- ASSIGNMENT:
Take the lines from the one with "Soccer Football - Premier" to the end of the listing, both ends included, and quote them exactly, leaving pictures out.

- DATA SHOWN:
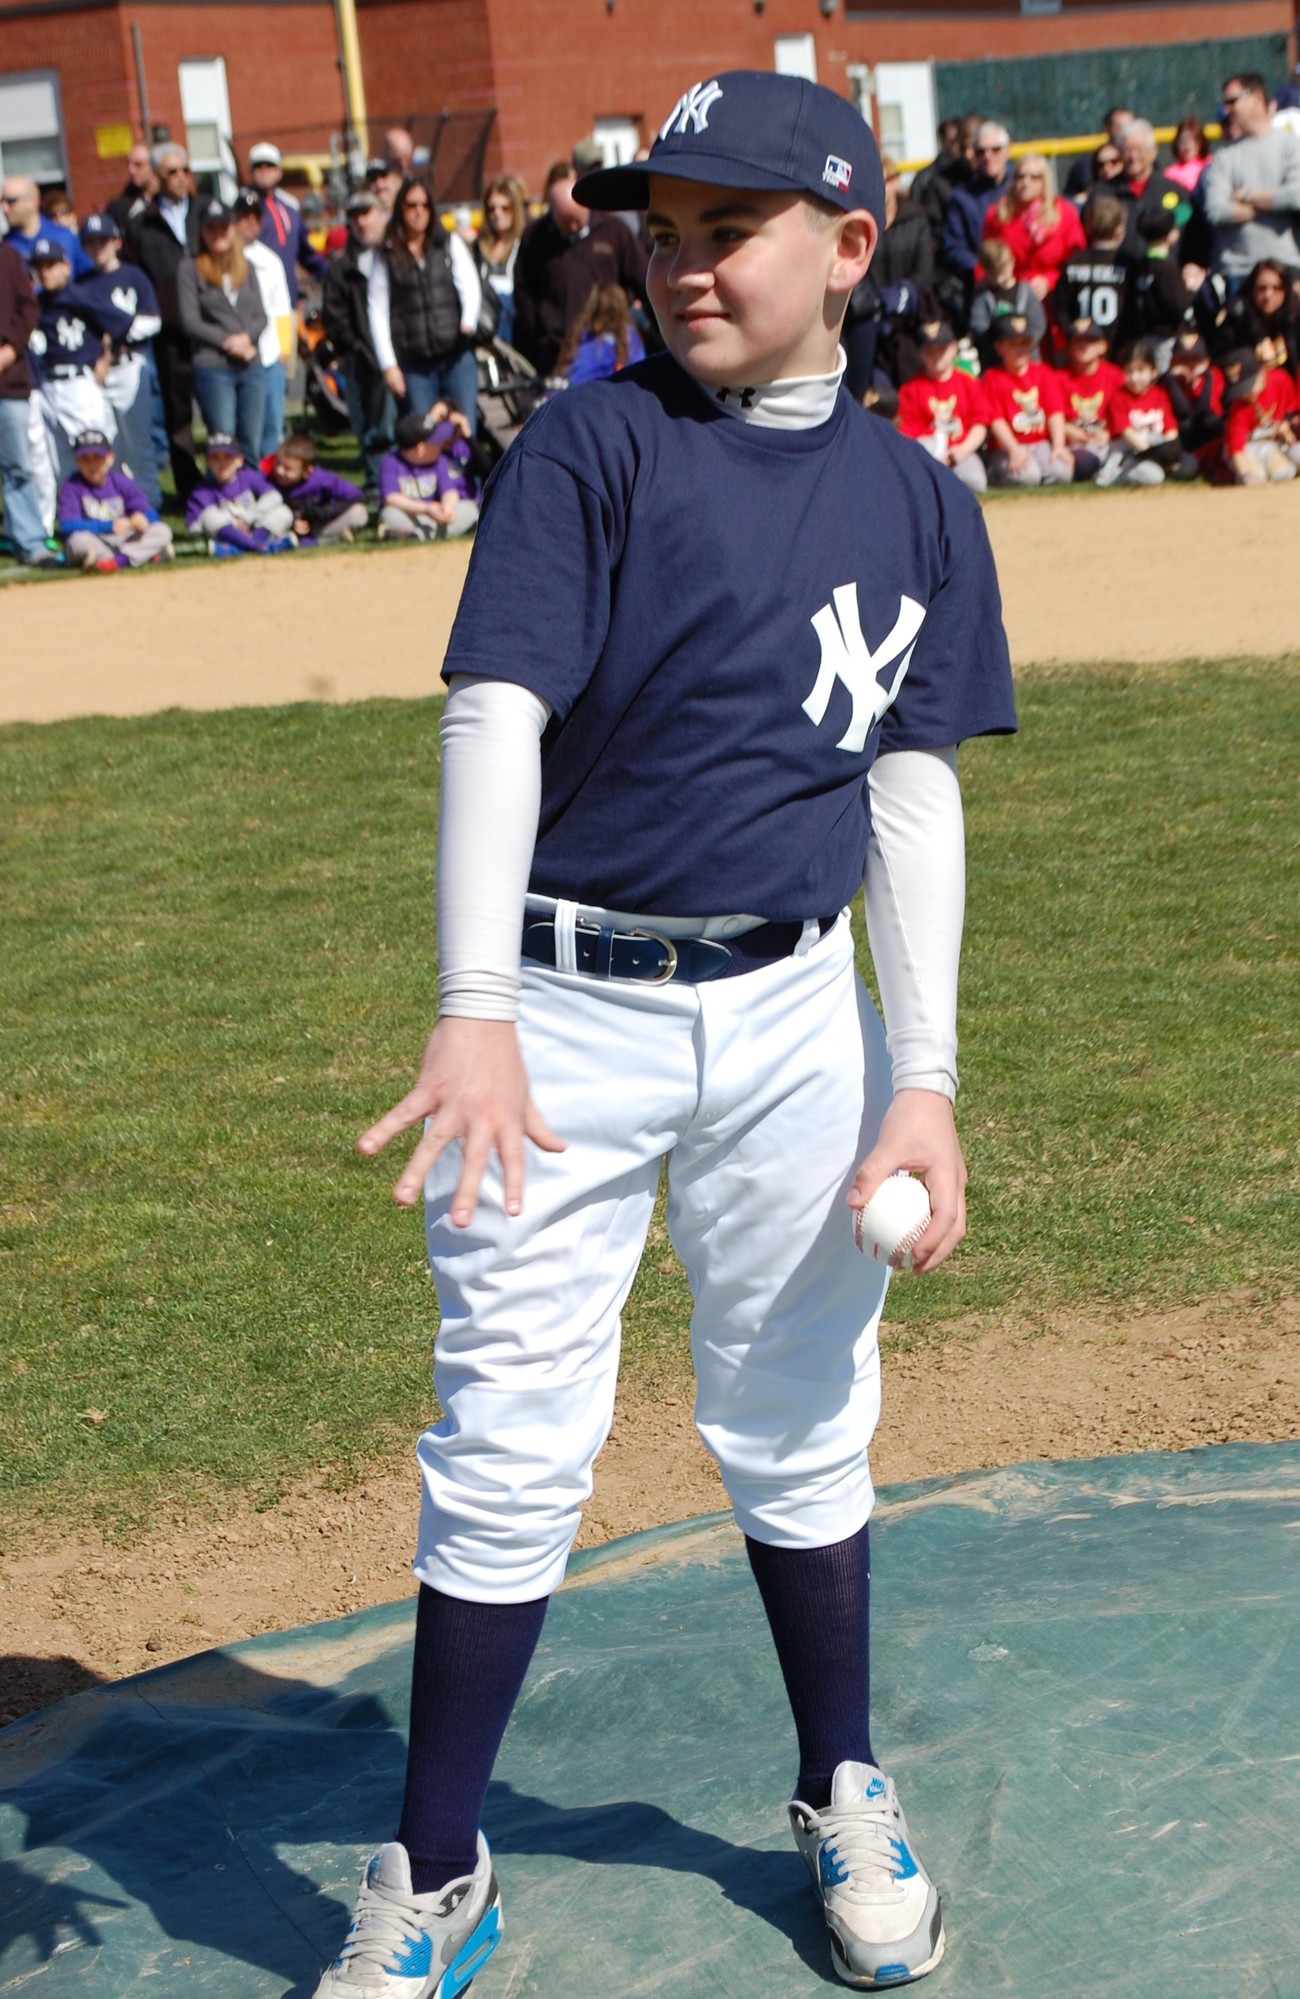 Yankee Liam Casey who threw out the ceremonial first pitch in honor of his late grandfather.
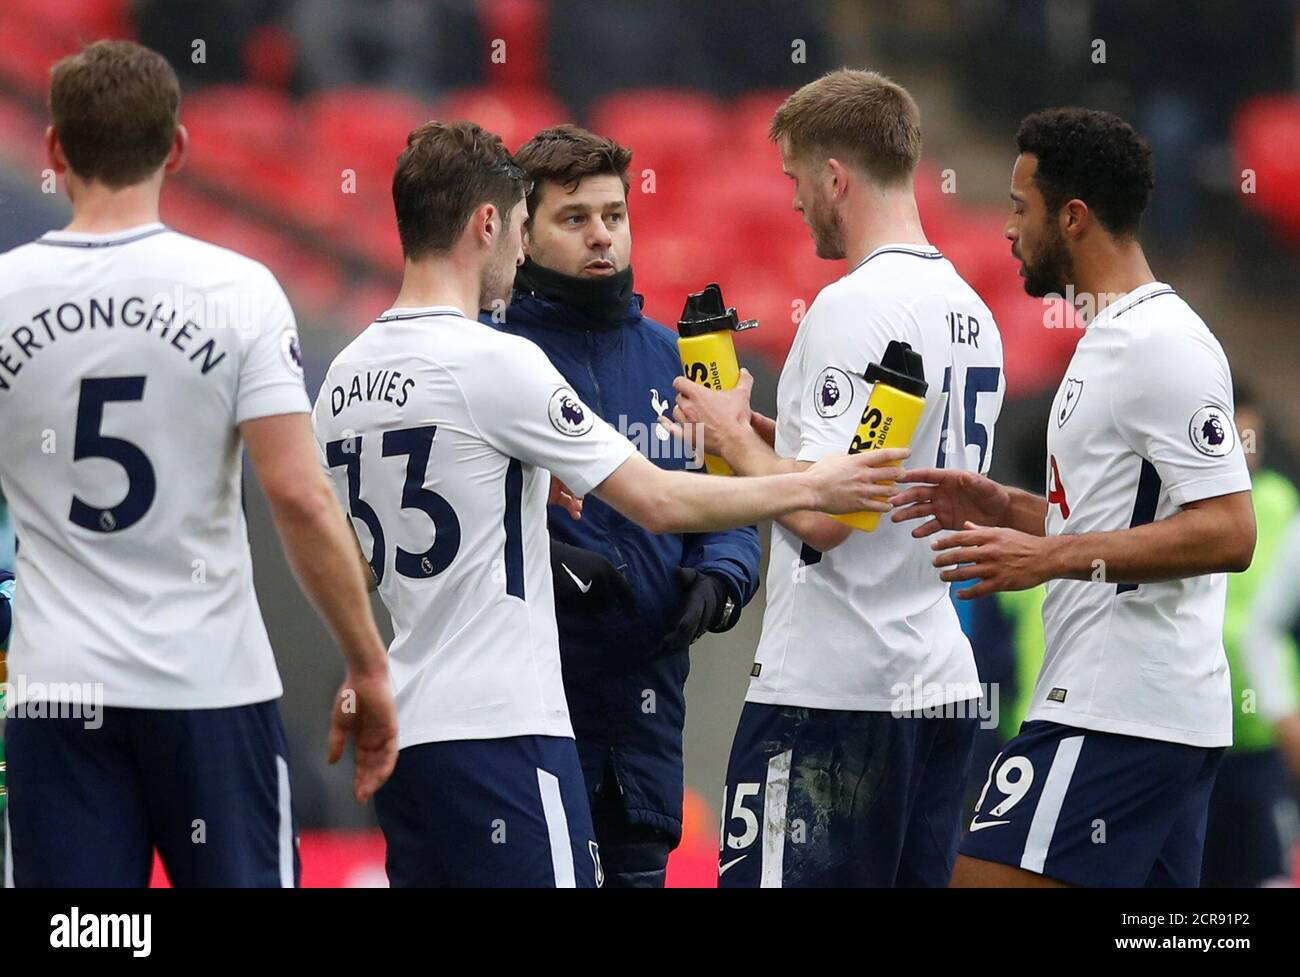 Soccer Football - Premier League - Tottenham Hotspur vs Huddersfield Town - Wembley Stadium, London, Britain - March 3, 2018   Tottenham manager Mauricio Pochettino with Eric Dier, Ben Davies, Jan Vertonghen and Mousa Dembele    REUTERS/Eddie Keogh    EDITORIAL USE ONLY. No use with unauthorized audio, video, data, fixture lists, club/league logos or 'live' services. Online in-match use limited to 75 images, no video emulation. No use in betting, games or single club/league/player publications.  Please contact your account representative for further details. Stock Photo
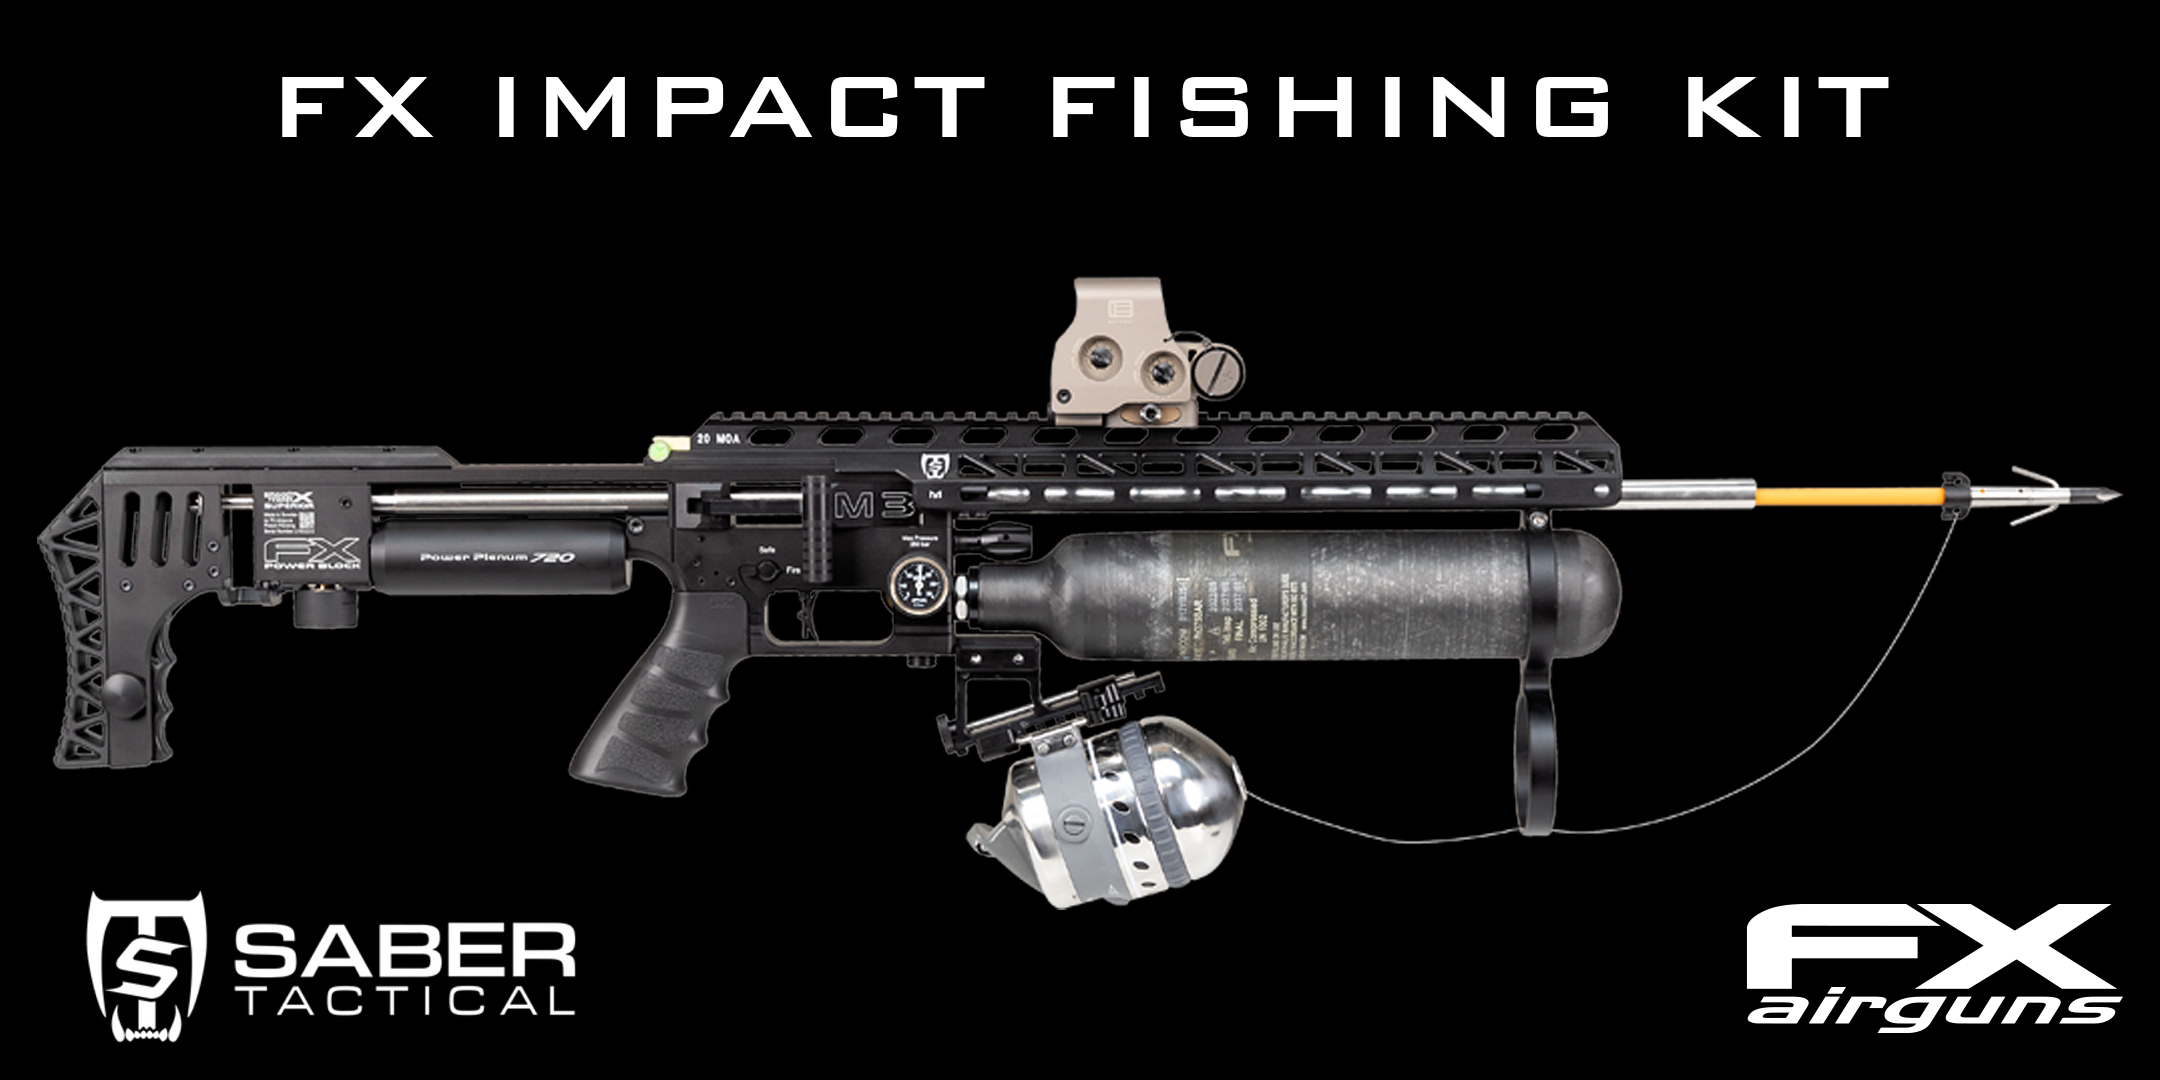 Saber Tactical releases the new FX Impact Fishing Kit Today

- SOLUTION TO THE PROBLEM:
 Soccer Football - Premier League - Tottenham Hotspur vs Huddersfield Town - Wembley Stadium, London, Britain - March 3, 2018   Tottenham manager Mauricio Pochettino with Eric Dier, Ben Davies, Jan Vertonghen and Mousa Dembele    REUTERS/Eddie Keogh    EDITORIAL USE ONLY. No use with unauthorized audio, video, data, fixture lists, club/league logos or 'live' services. Online in-match use limited to 75 images, no video emulation. No use in betting, games or single club/league/player publications.  Please contact your account representative for further details. Stock Photo
 Saber Tactical releases the new FX Impact Fishing Kit Today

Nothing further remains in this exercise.